[Provided records]:
-------
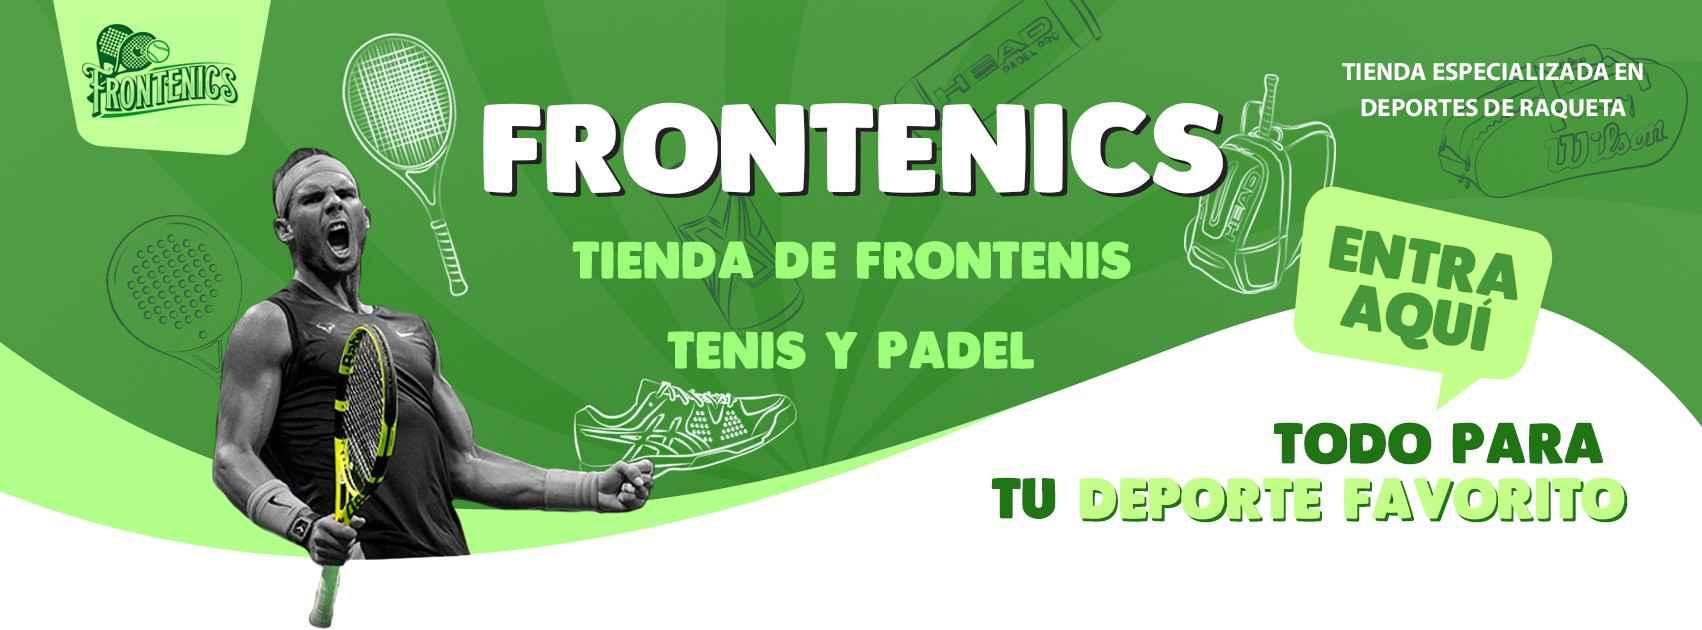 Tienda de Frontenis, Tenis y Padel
-------
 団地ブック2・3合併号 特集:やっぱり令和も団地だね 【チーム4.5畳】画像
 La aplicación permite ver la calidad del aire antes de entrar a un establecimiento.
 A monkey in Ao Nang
-------
[Try it]: From the records above, extract exactly and only the lines that begin at the line with "団地ブック2・3合併号 特集:やっぱり令和も団地だね 【チーム4.5畳】画像" and stop after the line with "A monkey in Ao Nang".

[Task answer]:
 団地ブック2・3合併号 特集:やっぱり令和も団地だね 【チーム4.5畳】画像
 La aplicación permite ver la calidad del aire antes de entrar a un establecimiento.
 A monkey in Ao Nang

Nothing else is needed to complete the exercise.